Отчего это действие занимает такое большое место в моей памяти?
Отчего я в какой-то дикой раскадровке, в каком-то развале набегающих друг на друга стоп-кадров, но не создающих иллюзию движения, прокручиваю эти несколько секунд снова и снова?
Да святится имя...
Мама, опрометью рванувшаяся к этой белой ленте, как бегун, приготовившийся к совсем иным дистанциям, к близкому, так ясно различимому финишу.
Может быть, другие бегуньи, нагоняя ее, уже дышали ей в затылок, ведь они так долго топтались, бездельничали, лишь разминая свои мышцы перед этим метафизическим стартом в нашей небольшой комнате, которая теперь, по истечении времени, в обратной перспективе, кажется мне вместительной, потной, перегретой предстартовой раздевалкой, пропитанной нашими напрасными усилиями.

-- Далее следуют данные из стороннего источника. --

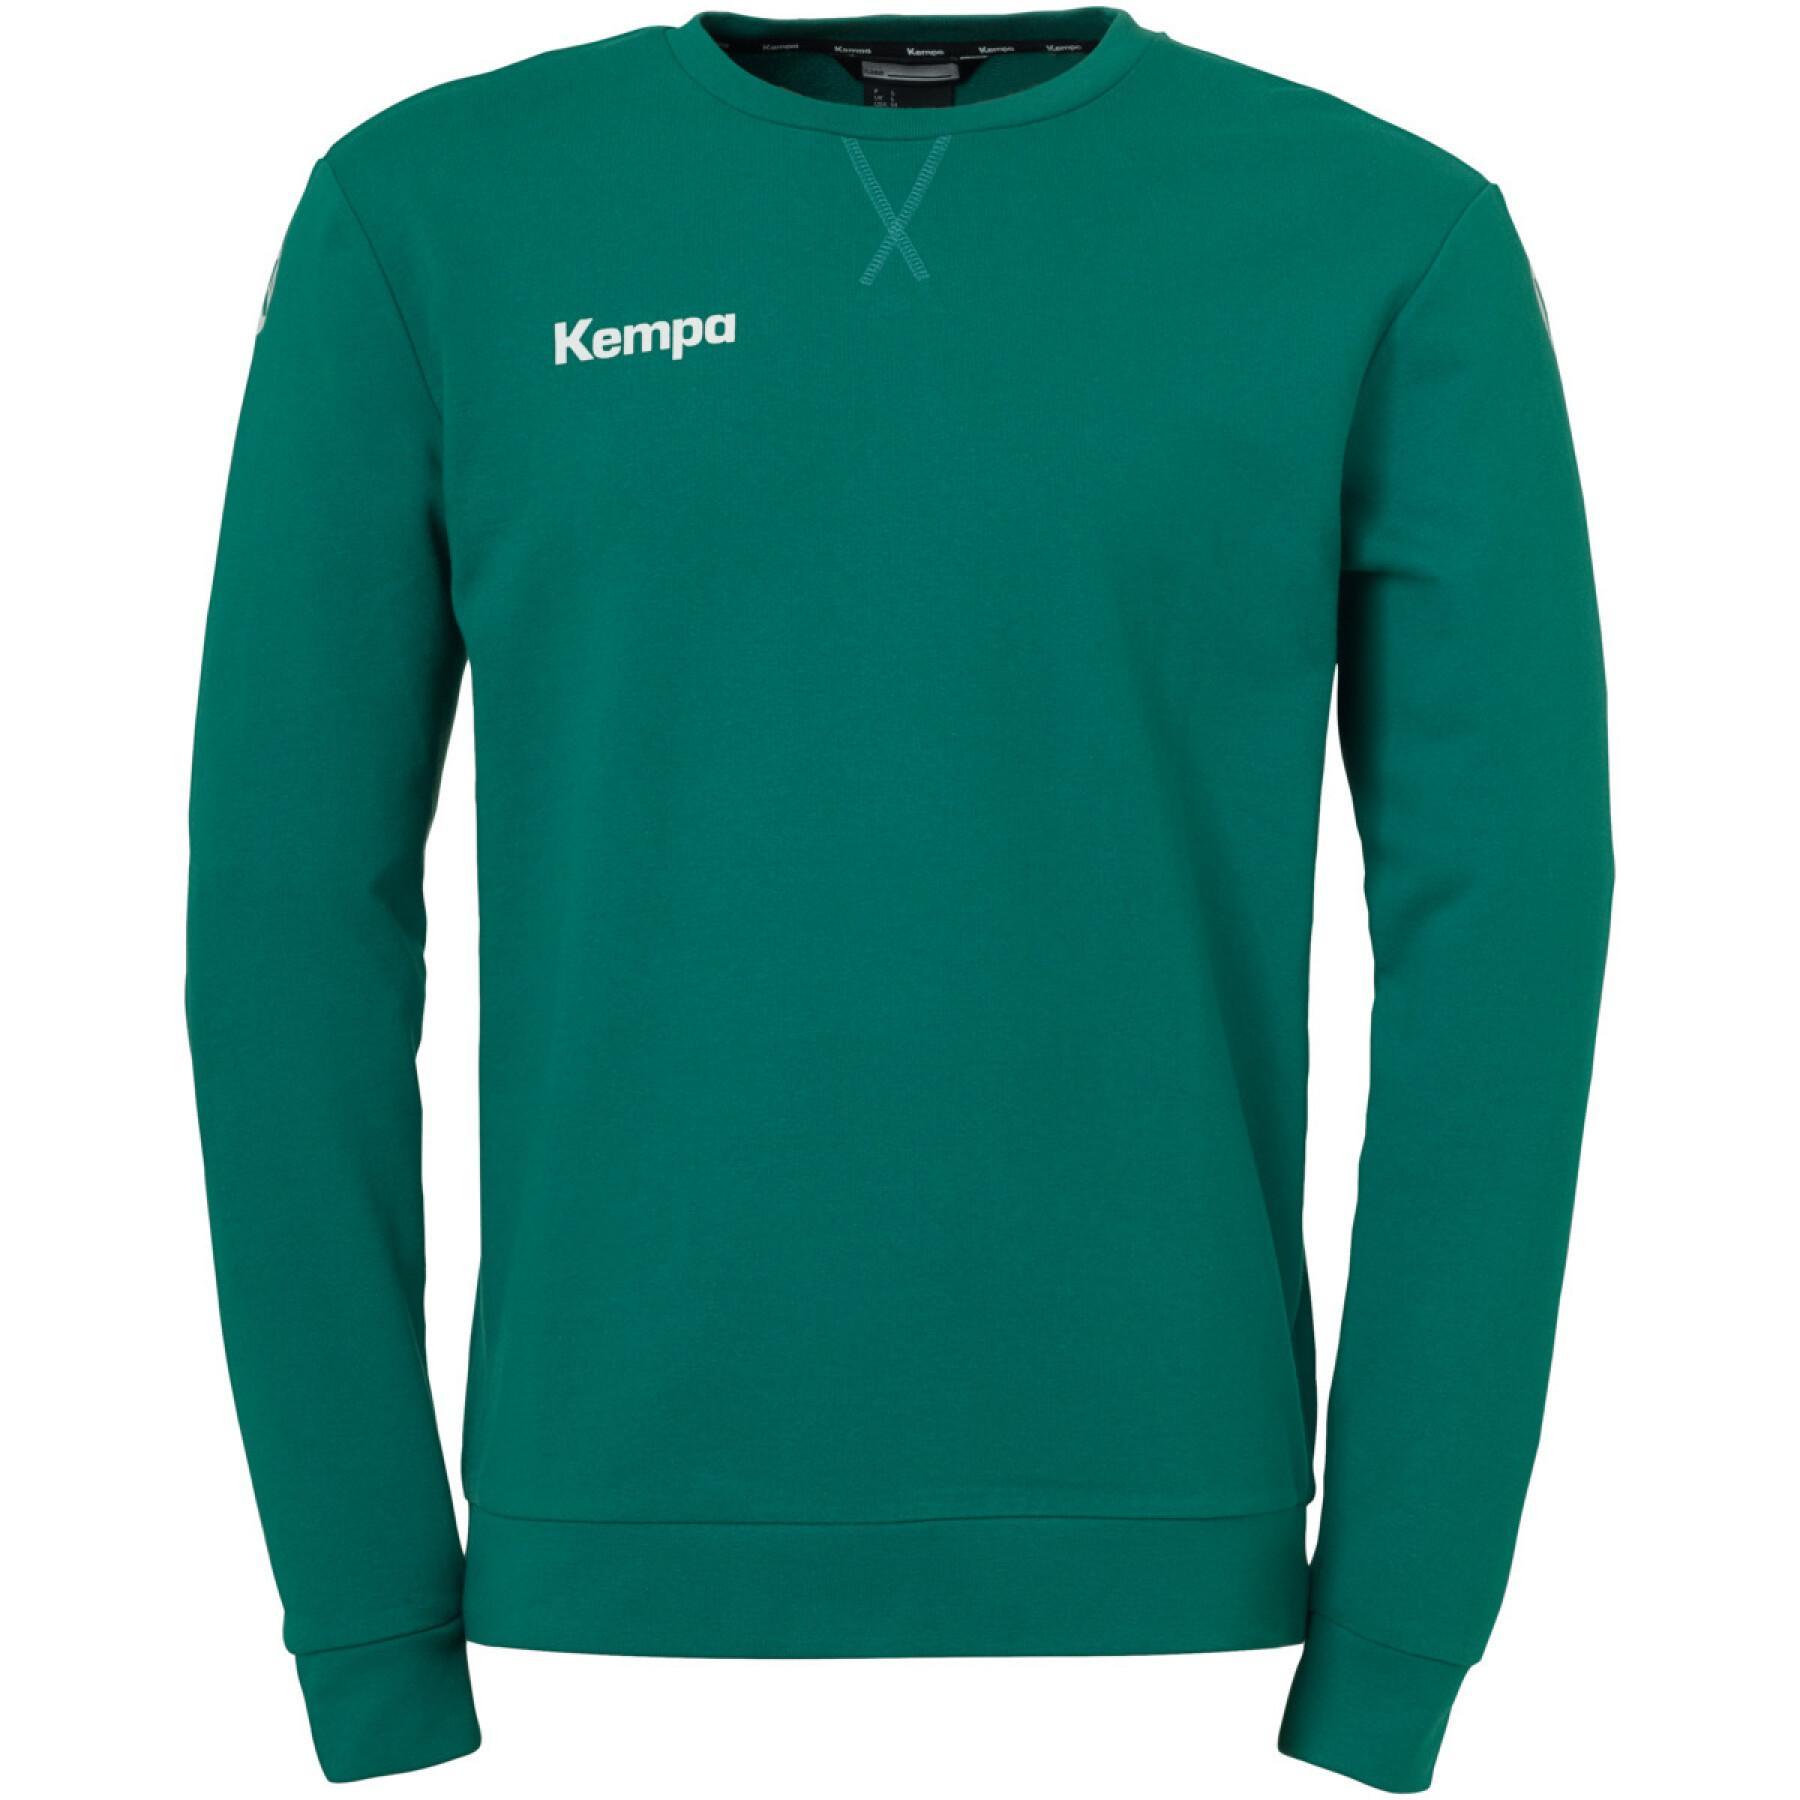 Children's training sweater Kempa

Ведь я до сих пор, даже взрослым человеком, вдруг ловлю себя на том, что непроизвольно убыстряю темп ходьбы, точнее, не темп, а замещающие его мнимые сокращения мышц, не повинующиеся инстинктивным приказам подсознания скорее миновать абсолютно темный, до бархатной пыльной глухоты, традиционно неосвещаемый из экономии коридорчик, и сдерживаю себя, чтобы опрометью не кинуться к дверной ручке. Ее я нащупаю во тьме всегда и рвану эту тяжкую преграду двери, захлопывая ею, как крышкой, эту наваливающуюся на плечи по-детски невыносимую темень.
И понятно теперь – если уж темнота коридора побуждает так торопиться, то какой синоним тьмы мягко, по-кошачьи ложился тогда на плечи мамы.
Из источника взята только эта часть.